Сергей Кононенко: «Райффайзенбанк» — банк немаленький. И все очень зависит от зрелости команды. Если команда зрелая, то, конечно, командная ответственность в первую очередь. Ребята сами внутри у себя разберутся, как так получилось, что что-то пошло не так. Если команда незрелая и она еще не пришла к состоянию, когда может сама разобраться в себе, то приходится подключаться.
И тут может появиться и какая-то история, когда где-то в переговорке один на один с человеком переговорят и объясняет ему, что где-то он сделал что-то не очень и так больше делать не надо.
Алексей Рыбак: Скажи, пожалуйста, я правильно понимаю, что фактически ты утверждаешь, что через какое-то время, это, по-видимому, работа скрам-мастеров, все команды должны дойти до точки, когда команде разговор о персональной ответственности просто не нужен? Для вас это некий таргет?
Сергей Кононенко: Да, это можно сказать.
Алексей Рыбак: То есть можно сказать, что для вас таргет — это командная ответственность?
Сергей Кононенко: Да.
Алексей Рыбак: Тогда еще небольшой вопрос. Скажи, а какие-то вознаграждения персональные у вас есть? Или они тоже командные?
Сергей Кононенко: Командные. Если команда проявила себя соответствующим образом и по определенным критериям она получает вознаграждение, то команда получает вознаграждение.
Алексей Рыбак: Понял. Хорошо. Никита, как у вас: персональная или коллективная ответственность?
Никита Прудников: Вопрос, конечно, сложный. Эволюционно к чему мы пришли: в рамках роли ответственность персональная. В смысле, есть роль техлидера, и с точки зрения интерфейса по отношению к компании она формализована. То есть надежность этого подпродукта, например. И это его персональная ответственность.
Отрицательная обратная связь у нас есть с помощью один на один. И часто мы с разрешения человека через какое-то время ее [отрицательную обратную связь] в каком-то формате делаем доступной. Не то что она публикуется на канале «Доска позора», но при этом, если человек будет направлено искать, он ее найдет.

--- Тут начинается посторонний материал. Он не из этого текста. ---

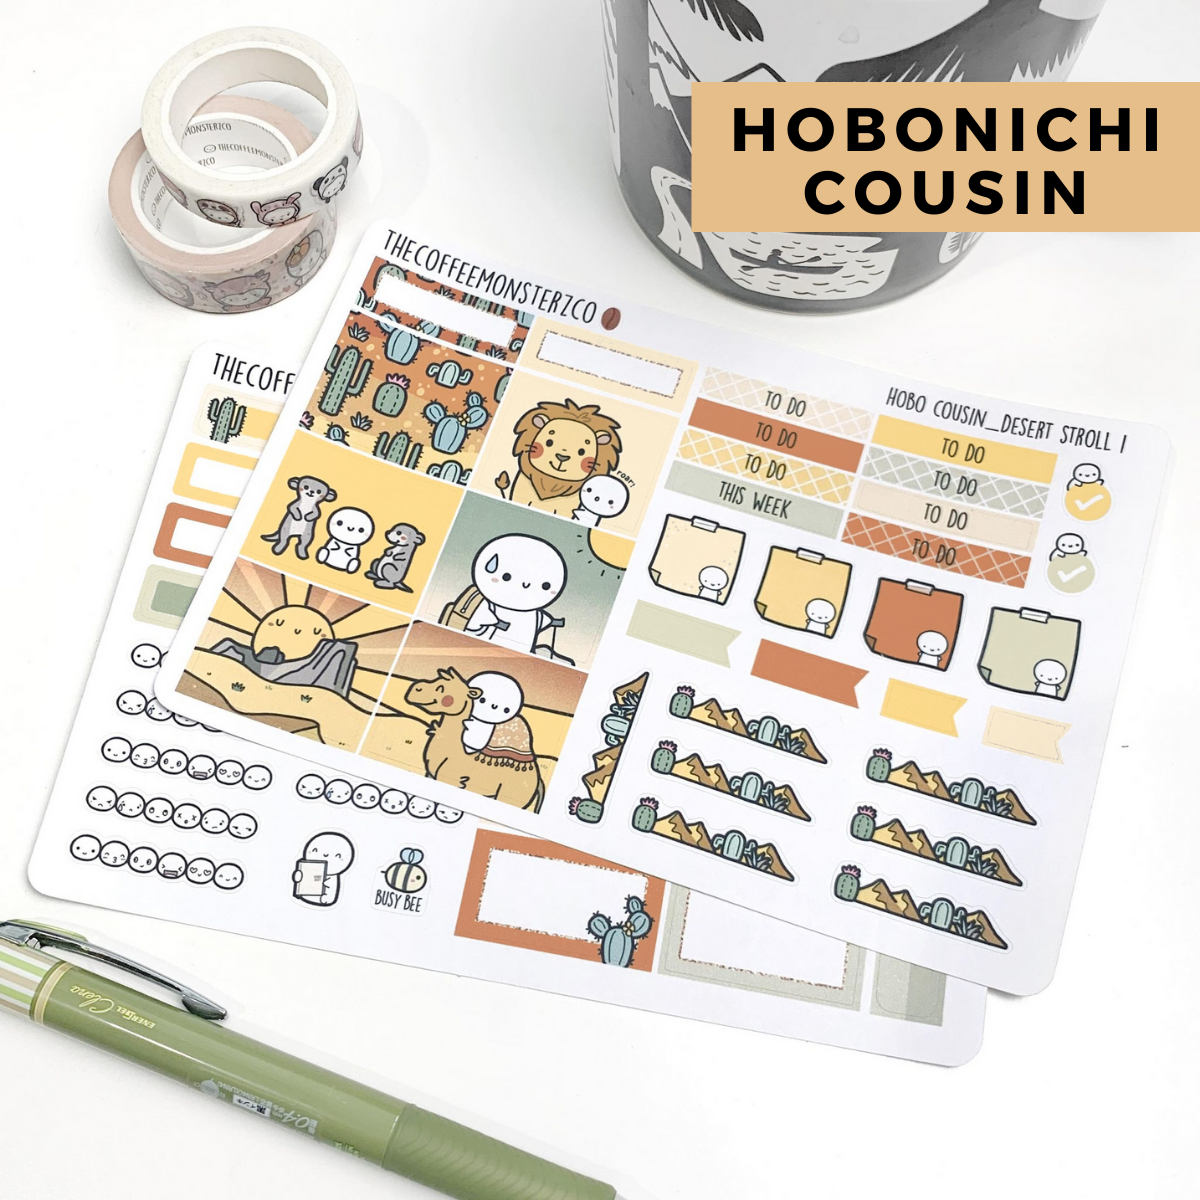 City Life Hobonichi Cousin Kit – TheCoffeeMonsterzCo

И рано или поздно команды выстраиваются так, что эти цели относительно выручки, надежности пропагируются внутри команды всем. И разработчики, которые не разделяют эти цели, не бегут к ним, через какое-то время отваливаются.
Тут есть понятная причина почему. Потому что, естественно, техлидеру для того, чтобы работать со своими целями, надо опираться на команду. И stakeholder то же самое. Если внутри команды есть человек, который не разделяет эти цели, рано или поздно они [команда] дадут ему обратную связь. И дальше либо улучшится, либо нет.
Да, эволюционно все команды приходят к тому, что бежит команда как целая, но я, например, общаюсь обычно с конкретным человеком из этой команды. Я не беру случайного разработчика из нее или всей команде пишу. Хотя бывает, что и со всей командой общаюсь. Но в основном спрашиваю с техлидера.
Алексей Рыбак: Какой-то конкретный человек подвел. Важный проект, часть на себя взял, была какая-то оценка. А я так понимаю, что оценка у вас есть. В любом случае произошло какое-то ожидание о том, что эта часть будет выполнена тогда-то. И она не была выполнена.
Никита Прудников: Подожди, сейчас хочу переложить это наш процесс, чтобы лучше сформулировать ответ. Этот человек, в смысле, разработчик?
Алексей Рыбак: Да, инженер.
Никита Прудников: Инженер в рамках именно командной роли функционирует в Kanban. Он не может ошибиться очень сильно.
Алексей Рыбак: Как это так? Может же.
Никита Прудников: Он не берет на себя месячные задачи, это все-таки задачи, которые…
Алексей Рыбак: Недельную же берет?
Никита Прудников: Недельную он берет.
Алексей Рыбак: Взял недельную задачу и вдруг не сделал.
Никита Прудников: Понятно, но это в рамках автономии разрулится, я даже не вмешиваюсь в такое. То есть не смог — там дальше какая-то рефлексия происходит. В смысле: «Чувак, что за дела?» Это уже внутри команды, не я туда вмешиваюсь.
Алексей Рыбак: Но при этом кто является инициатором этого обсуждения?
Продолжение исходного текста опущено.